The gas turbine combustor for low-calorie gas according to claim 2, characterized in that less than 0% of high-calorie gas is combusted. (4) A ceramic auxiliary combustion chamber equipped with an auxiliary burner is provided on the inlet side of the main combustion chamber, and a main fuel injection nozzle and a combustion air injection nozzle are arranged around the outlet of the auxiliary combustion chamber,
A gas turbine combustor for low-calorie gas, characterized in that high-calorie gas is combusted in the sub-combustion chamber, and is swirled within the sub-combustion chamber and injected toward the main combustion chamber. (5) Burn low-calorie gas of 90% or more of the total generated heat in the main combustion chamber, and 1 of the total generated heat in the auxiliary combustion chamber.
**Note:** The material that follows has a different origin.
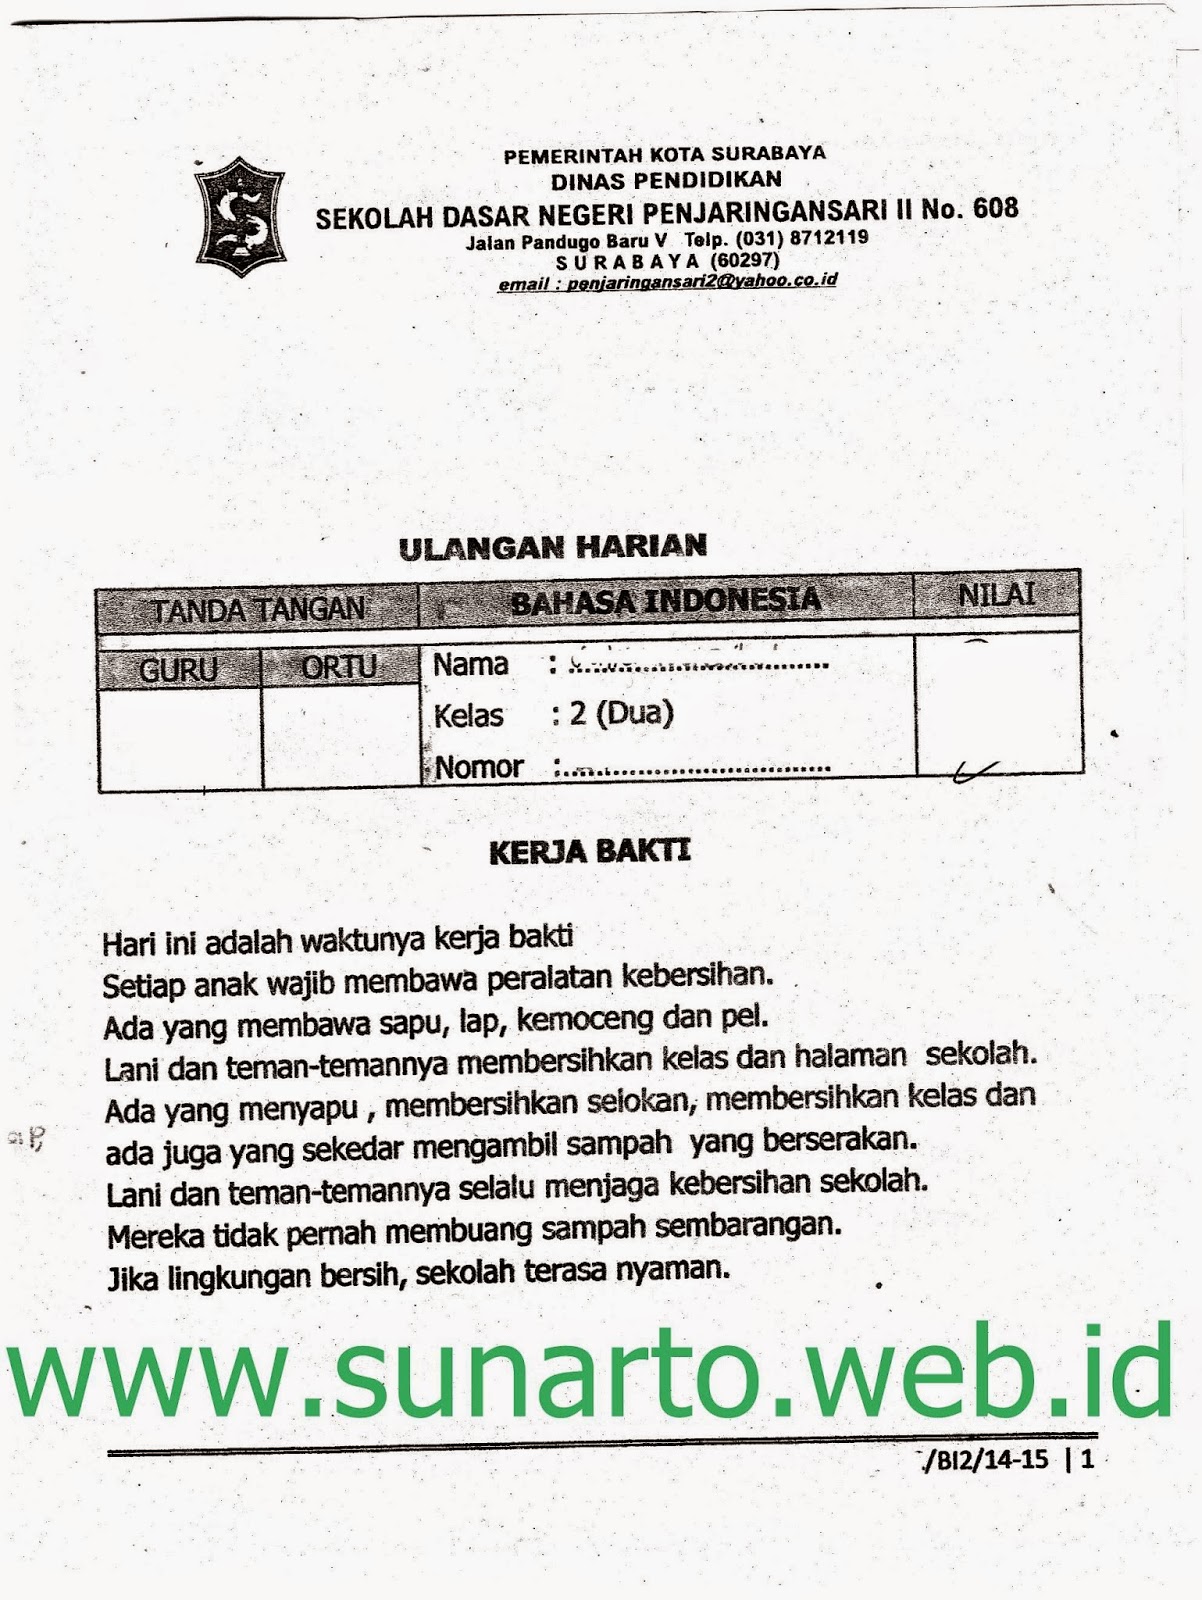 Ulangan Harian Semester Ganjil Bahasa Indonesia Kelas 2 SD TA 2014 2015 Kurikulum 2013
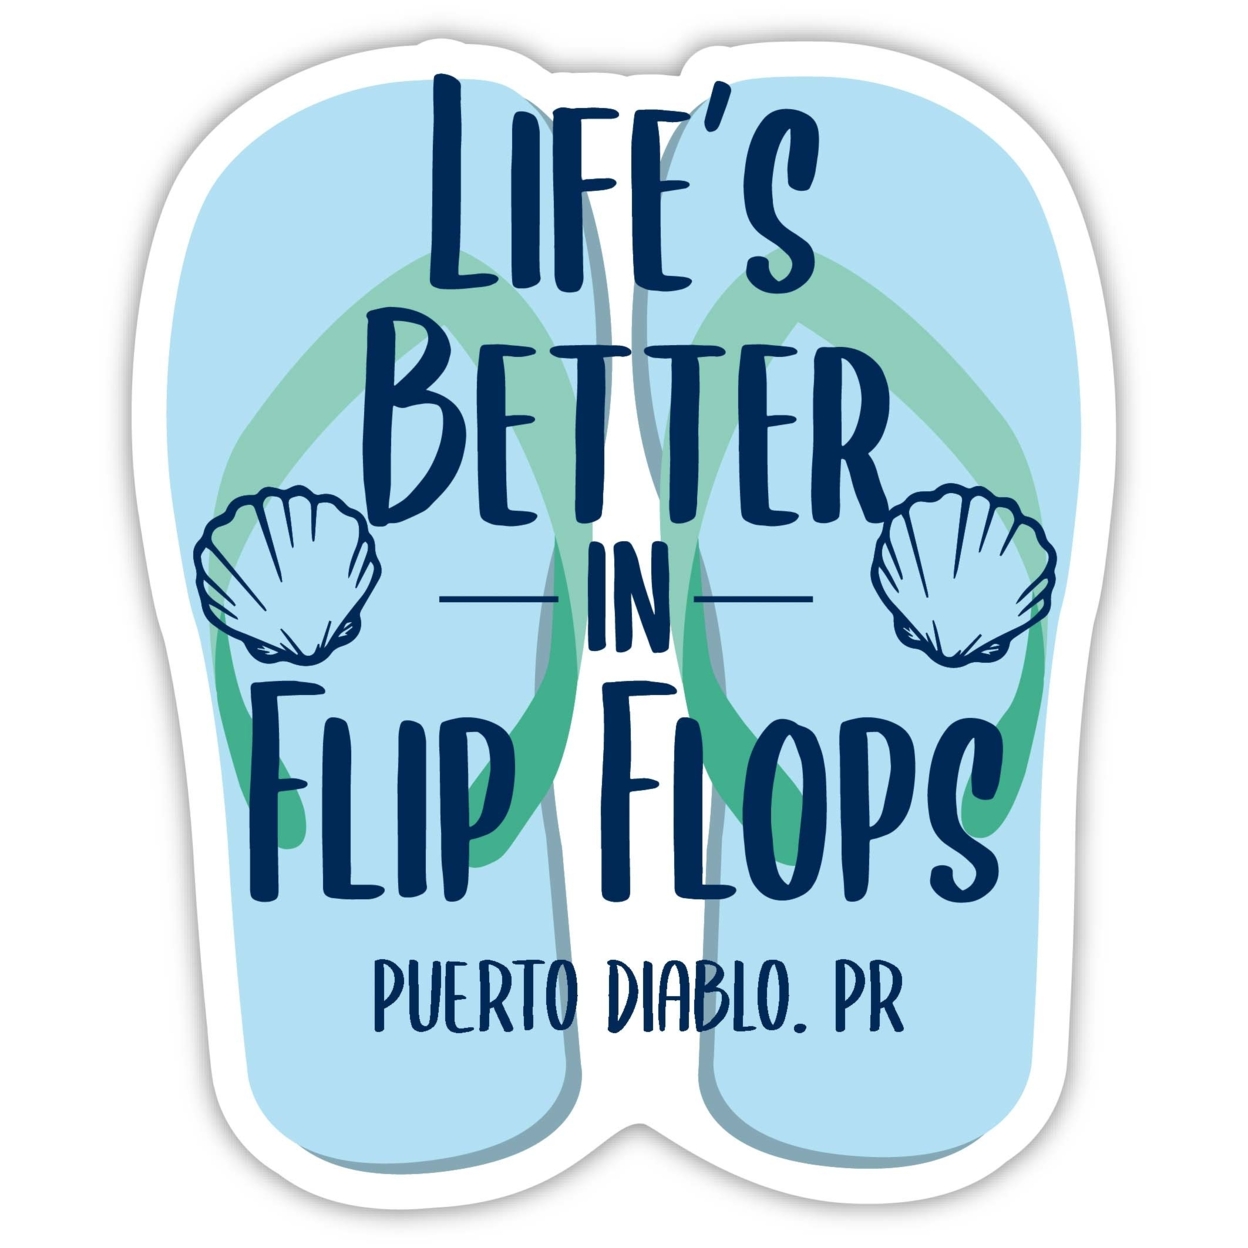 Puerto Diablo Puerto Rico Souvenir 4 Inch Vinyl Decal Sticker Flip Flop Design

The gas turbine combustor for low-calorie gas according to claim 4, characterized in that less than 0% of high-calorie gas is combusted. (6) The low calorie according to claim 4, characterized in that the injection axis of the auxiliary burner in the auxiliary combustion chamber is inclined with respect to the central axis of the auxiliary combustion chamber, and the outlet portion of the auxiliary combustion chamber is opened to widen toward the end. Gas turbine combustor for gas.